I don't want to start a language debate here as there are a lot of arguments made already both in favor and against Python. As an Ubuntu user though, a lot of applications I use are made in Python and they work just fine.
The biggest downside is probably portability of a GUI-framework: GTK is horrible in Windows and no idea if it even works on Mac OS X. Qt is probably a better option here, but I don't have any experience with this.
C++ would be the best option here, combined with Qt. But I'm only good with Python and .Net.

Quote
Anything that depends on bitcoins RPC mechanism means you need a full node running, and that will become less and less common in future, especially for end users.
True. Ideally you would just have a website where people can send bitcoins to a certain bitcoin address to pledge how many bitcoins they want and it would not work any differently than sending bitcoins to a normal bitcoin address.
But I doubt something like that is possible.

Quote
The hard part of implementing these systems isn't really the crypto, it's all the stuff you need to layer on top to build a slick and straightforward user experience. Obviously starting with the command line is easy but you should really think ahead to how you can let your parents use it.
I already noticed that Smiley Making this proof of concept was easy, but I've been thinking about how to progress and while there are different ways, they aren't as easy.

Quote
If I was implementing this system, I'd write start with a GUI Java app using bitcoinj. Not just because I wrote it and so am familiar with it, but because it's able to directly connect to the P2P network and sync a wallet to the chain very fast compared to a full node. Also because the APIs should make it easy to set up the transactions you need. Having a separate wallet is useful because it means you can easily move money in and out, and pledge the same money to the same contracts (a useful ability when there are multiple providers competing to provide a service and you don't know which one will achieve the target first). Then I'd come up with a set of protocol buffers that described an assurance contract, how to submit it to the server and so on. I'd use protocol buffers for even very simple protocols because that way you get easy extensibility and the protocol can be easily described in, eg, a standards document.
I was thinking about something similar, except without any blockchain at all on the client side. Since there needs to be a central server anyways to collect all signed inputs, that central server can keep track of the blockchain too.
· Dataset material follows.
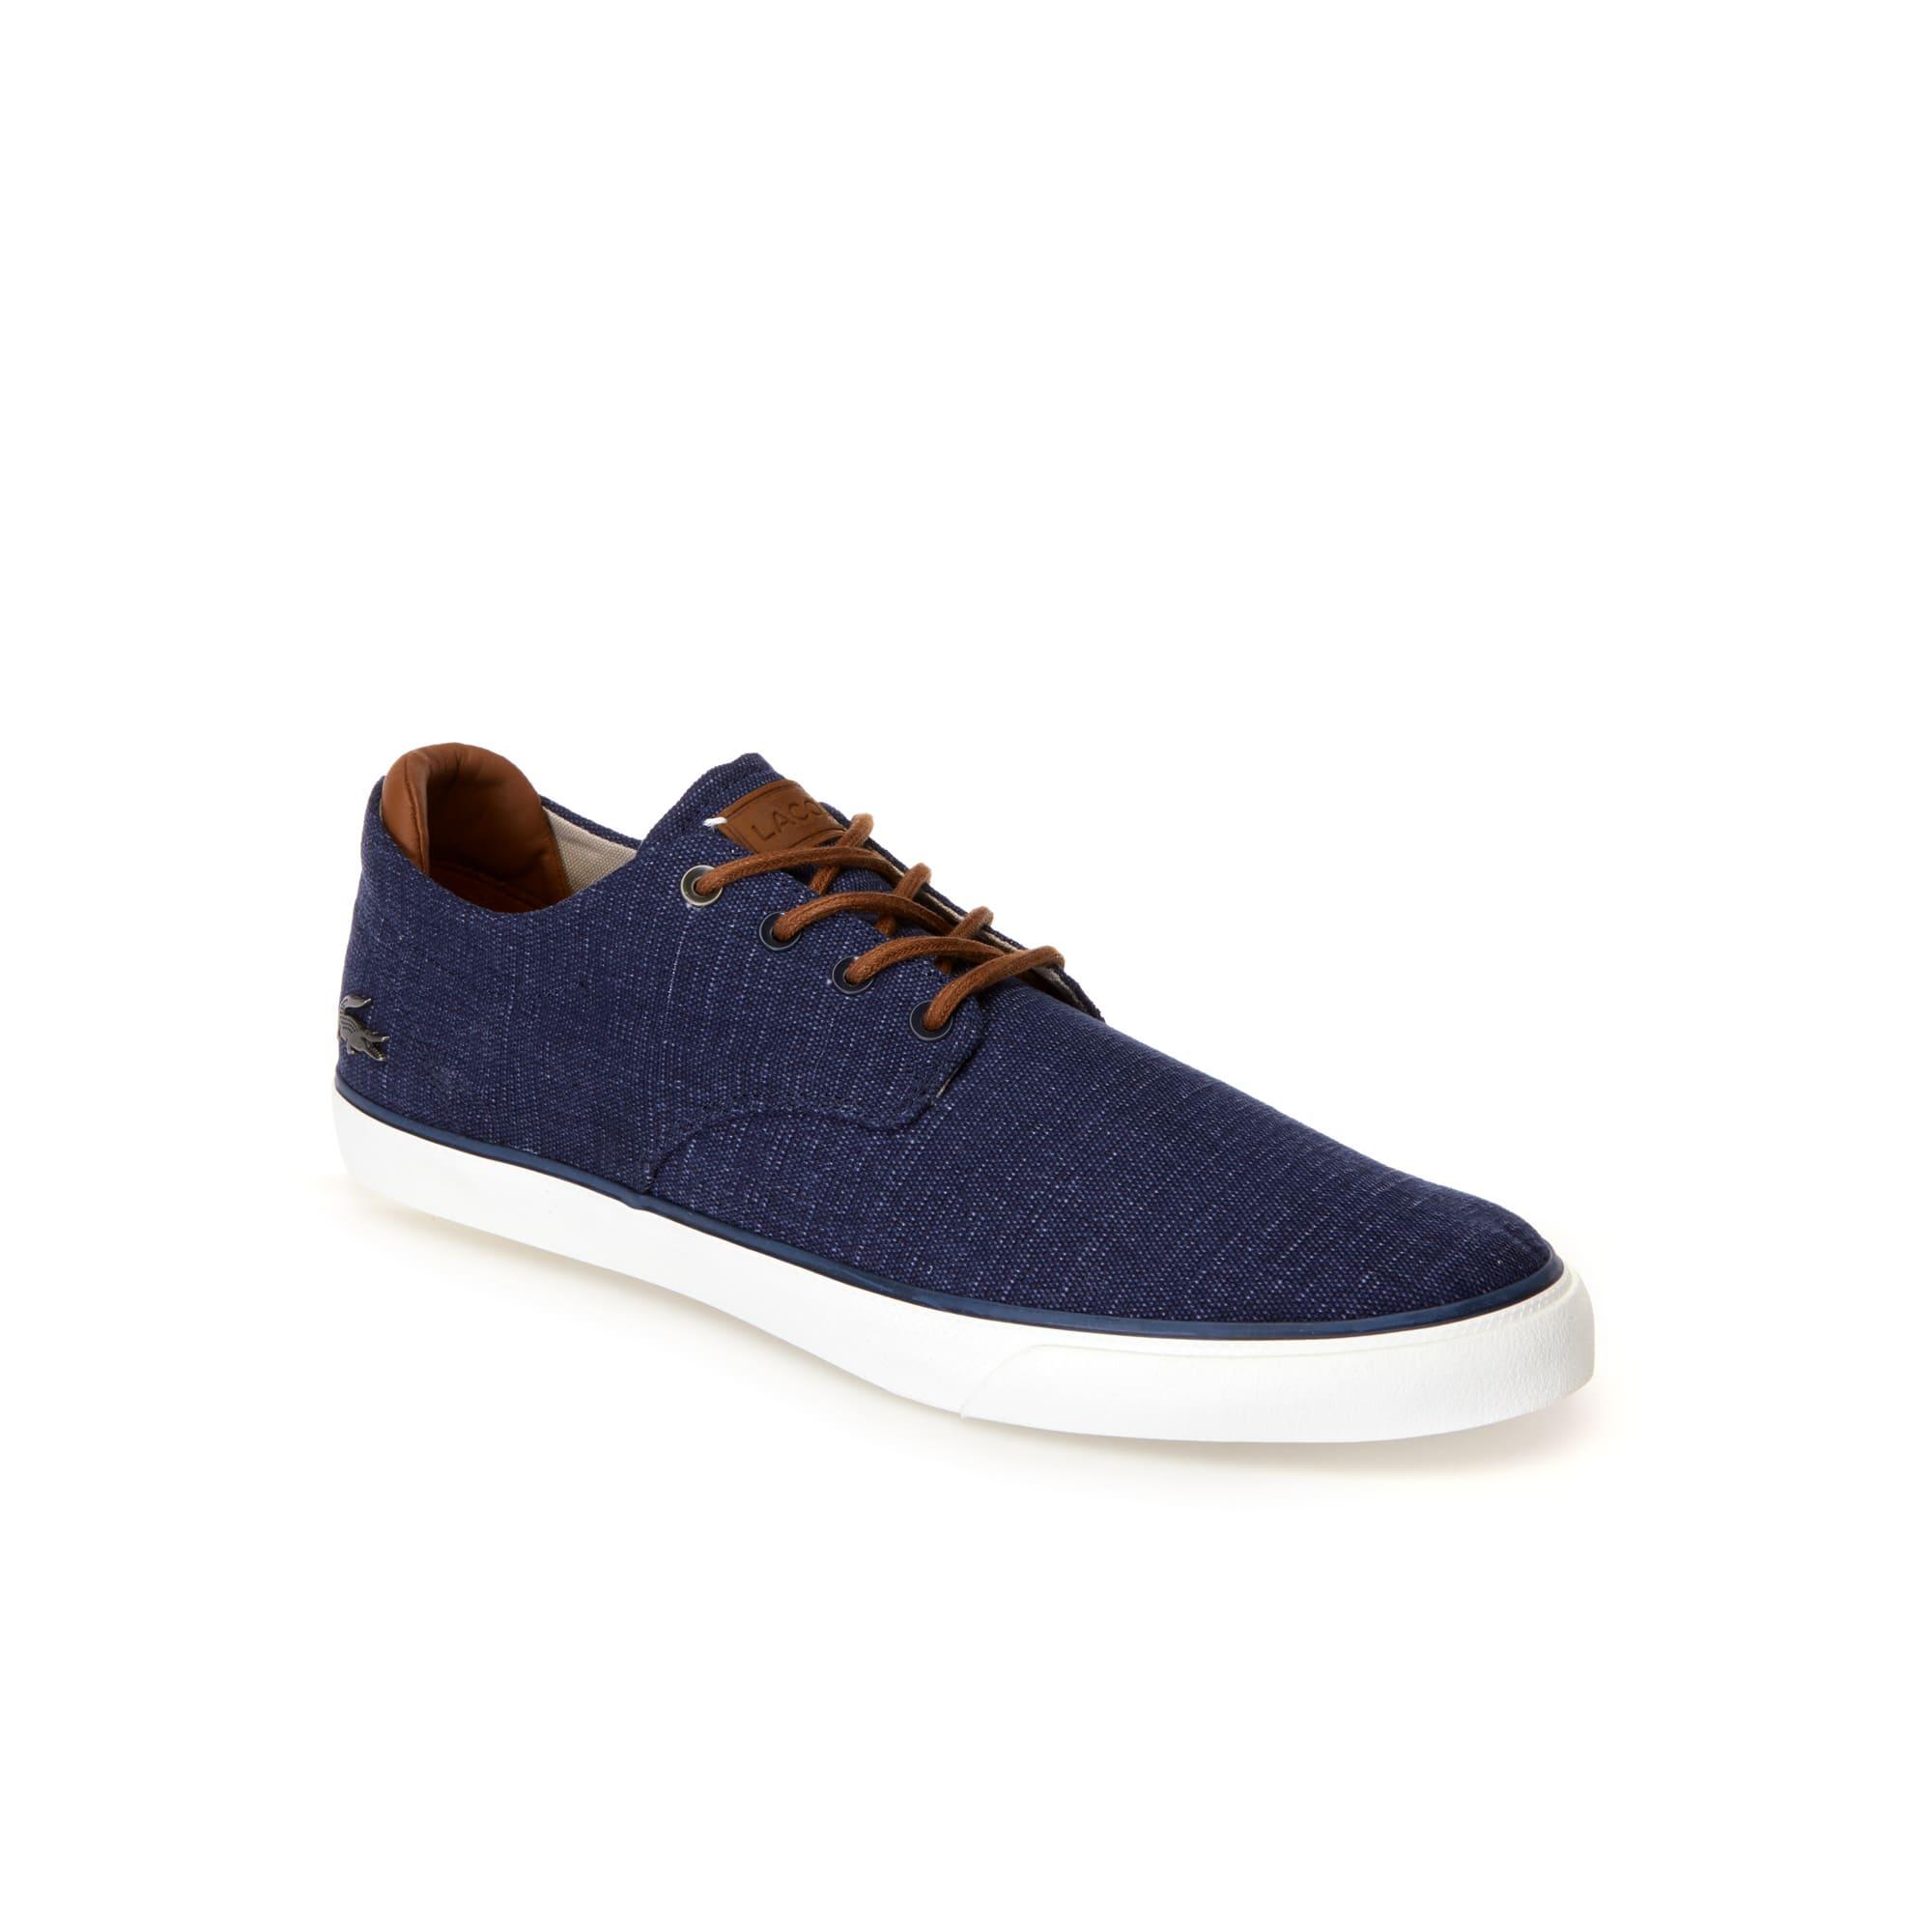 Herren-Sneakers ESPARRE aus Canvas
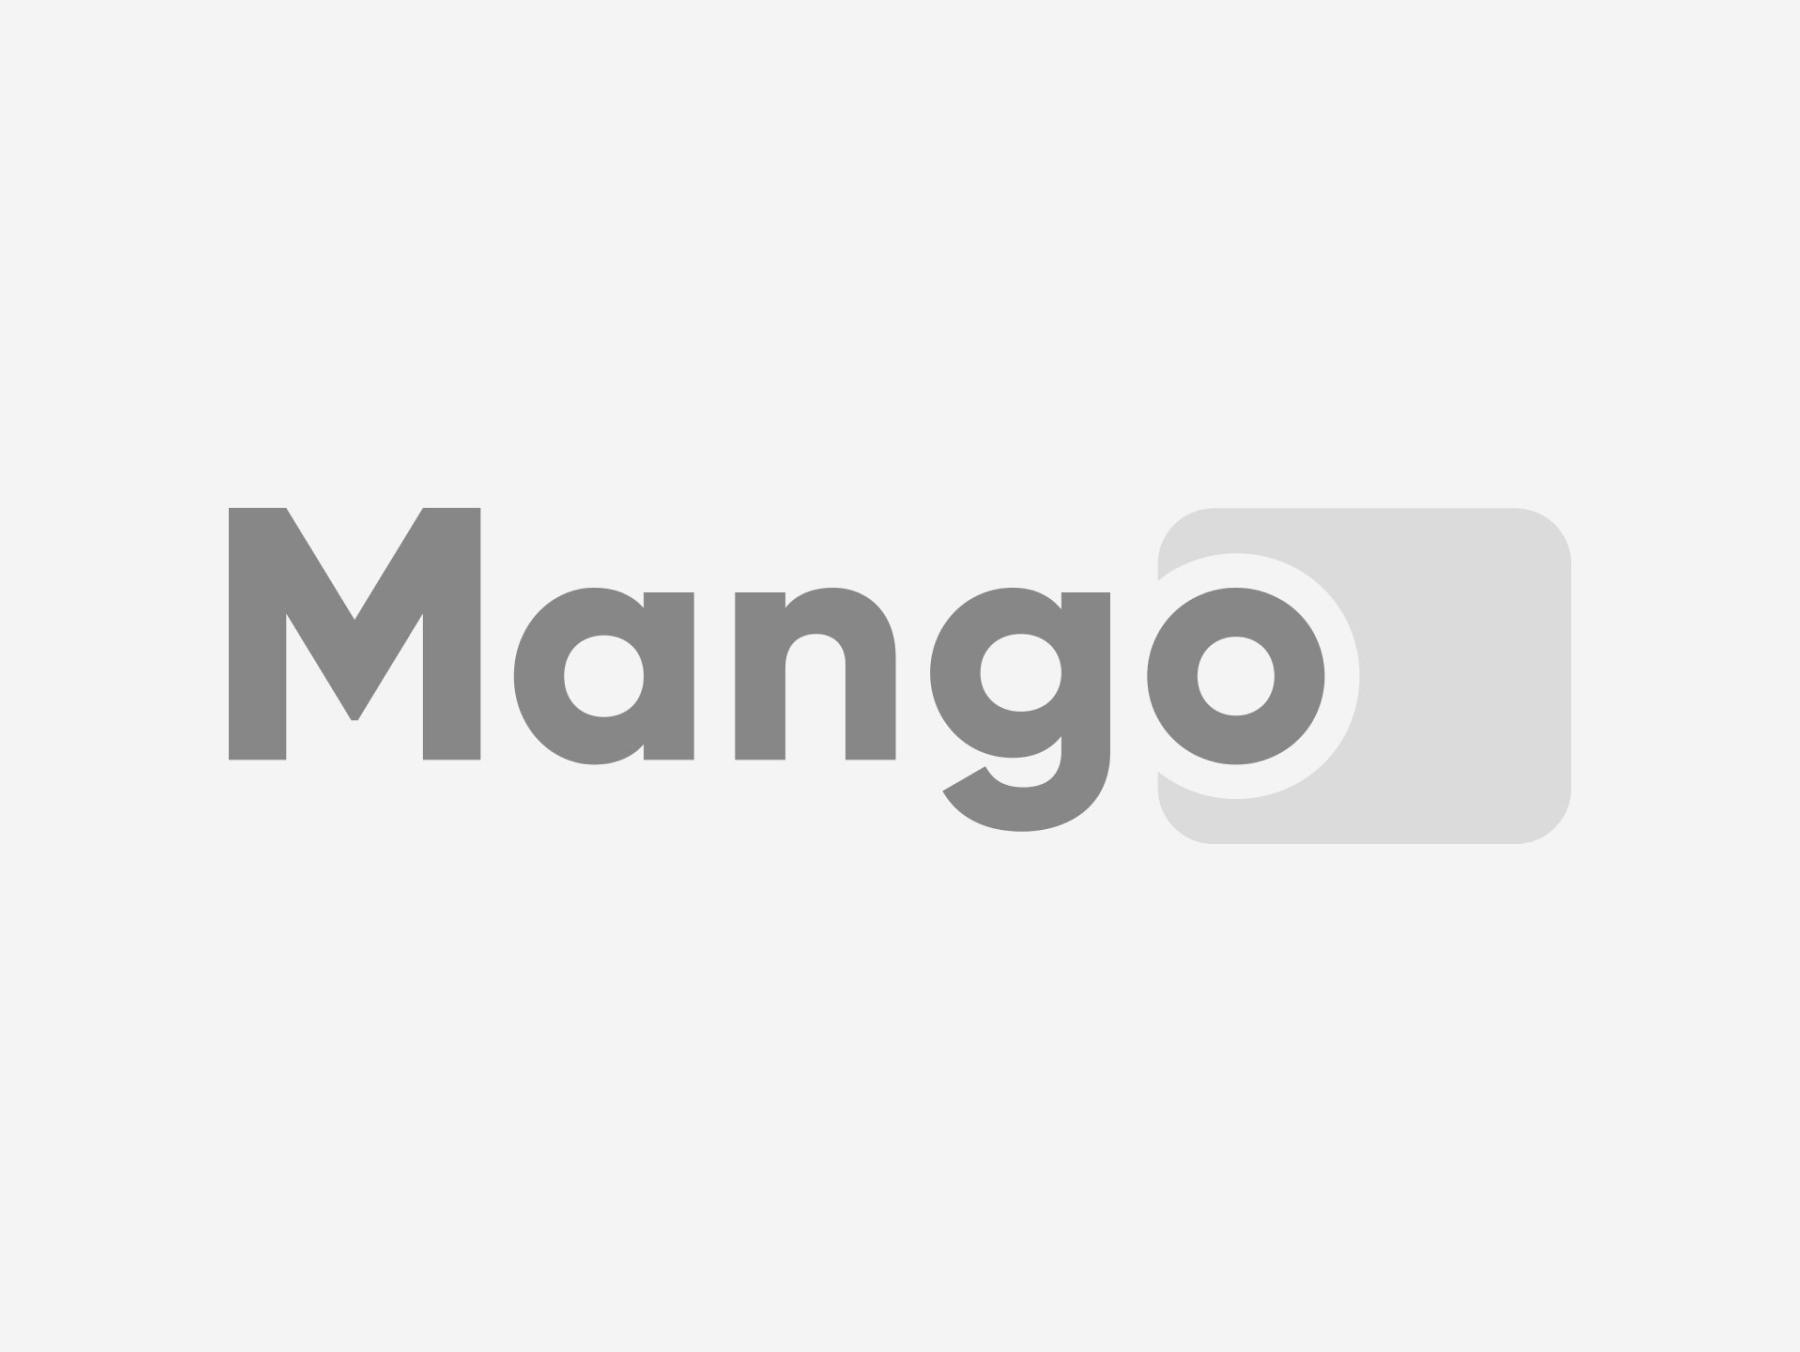 Progress Paleta Tenis de Masa Spokey

I imagine something like that: a webserver like kickstarter where people can see all the projects they can pledge bitcoins to. If someone wishes to pledge to a project they can use a client application. This client application is very basic:
1) It creates a new bitcoin address and asks the user to send bitcoins to it.
2) It notifies the server about this address: when bitcoins are sent to it, the server will let the client know and the client will sign a pledge for the assurance contract and send it back to the server.
3) Whenever the server got enough pledges it'll broadcast the final transaction to the server
4) If there aren't enough pledges and the user wants their bitcoins back then the client can create a new bitcoin transaction and send it to the server who will broadcast it.

This is, I think, still safe since the private key to this new bitcoin address is kept in the client application and the server never gets access to it.

Using bitcoinj to directly connect to the bitcoin network would make some of those steps unnecessary, at the cost of the client having to handle the blockchain. I'm not really sure that extra cost is worth it, even if it goes a lot faster than a full node.

Also, with protocol buffers, you mean to use that for the communication between the client and the server, right? If so, why not just use a http server and json? I don't know much about protocol buffers except from looking at the examples.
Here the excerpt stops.